A lot of other companies will also sell you and me a lot of stuff online. The National Retail Federation expects U.S. online retail sales to grow 8%-to-12% annually, up to three times higher than the average growth rate of the entire retail sector.
Income investors have a tough time participating in e-commerce growth. But if you know where to look, you can participate in e-commerce growth and collect dividends that produce a 5.3% yield.
An e-commerce sale, though occurring in cyberspace, must be fulfilled at a physical location. This is where STAG Industrial (STAG), an industrial REIT that owns 314 buildings across 37 states, comes in.
The majority of STAG’s properties are composed of standalone warehouses and distribution centers. STAG’s average building size is around 209,000 square feet, which ranks second among its REIT peers. Size matters for attracting large distributors, e-commerce or otherwise.
Most of STAG’s properties are located in secondary markets (those outside New York, Chicago, Los Angeles, and other major metropolitan areas).

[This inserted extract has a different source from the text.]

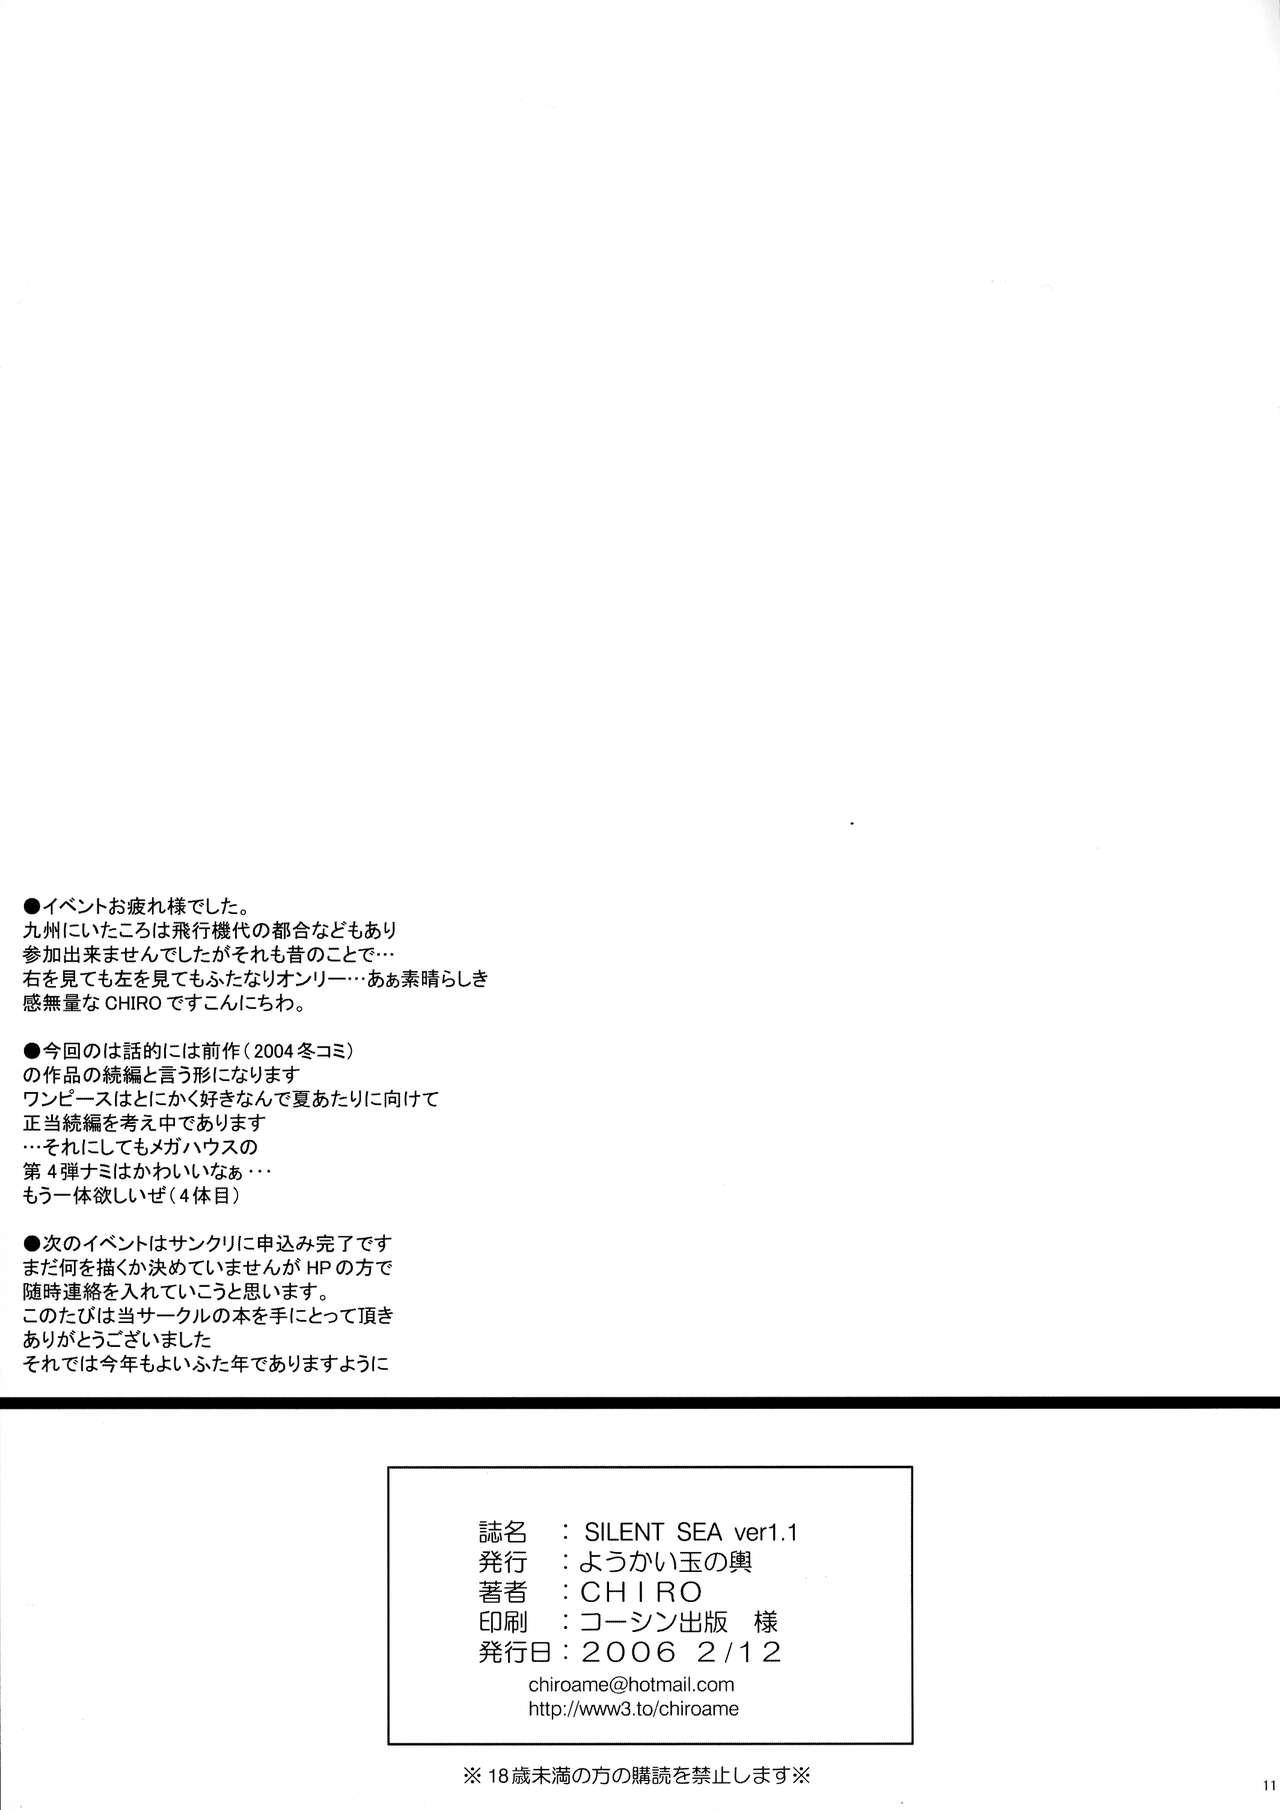 SILENT SEA vol.1.1 10

STAG targets secondary markets for a reason: These markets generally provide less rent volatility and equivalent occupancy rates compared to primary industrial property markets. STAG’s occupancy rate — at 94.7% — for its entire portfolio backs its strategy of favoring the secondary over the primary.

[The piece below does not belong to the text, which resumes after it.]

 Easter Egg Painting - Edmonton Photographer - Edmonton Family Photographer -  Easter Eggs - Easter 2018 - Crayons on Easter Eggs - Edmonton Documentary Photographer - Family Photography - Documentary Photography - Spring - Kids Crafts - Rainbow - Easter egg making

STAG has ample opportunity to grow its warehousing empire. The market for warehouses and distribution centers is valued at over $1 trillion.
Property ownership is highly fragmented, with the largest owner controlling less than 3% of the market. STAG’s stated goal is 25% annual portfolio growth, mostly through acquisitions. The goal has so far been accomplished.
As for the dividend, it, too, grows. Since its 2011 initial public offering, STAG has increased the dividend at a 6% average annual rate. STAG pays $0.117 per share each month. That sums to $1.40 per share annually. As I write, the dividend yields 5.3%.
The dividend also has ample opportunity to grow, because the dividend is easily covered by funds from operations (FFO). STAG reported first-quarter FFO of $0.42 per share, which beat expectations by a penny.
The dividend consumes $0.35 per share of that FFO per quarter. The increase in FFO enhances STAG's ability to pay the dividend; the lower payout ratio enhances STAG’s ability to raise the dividend.
Yes, e-commerce growth has been impressive, and it will continue to impress through the remainder of the decade. For most income investors, e-commerce growth has been meaningless. That is, until now: STAG Industrial enables income investors to get a piece of the e-commerce action.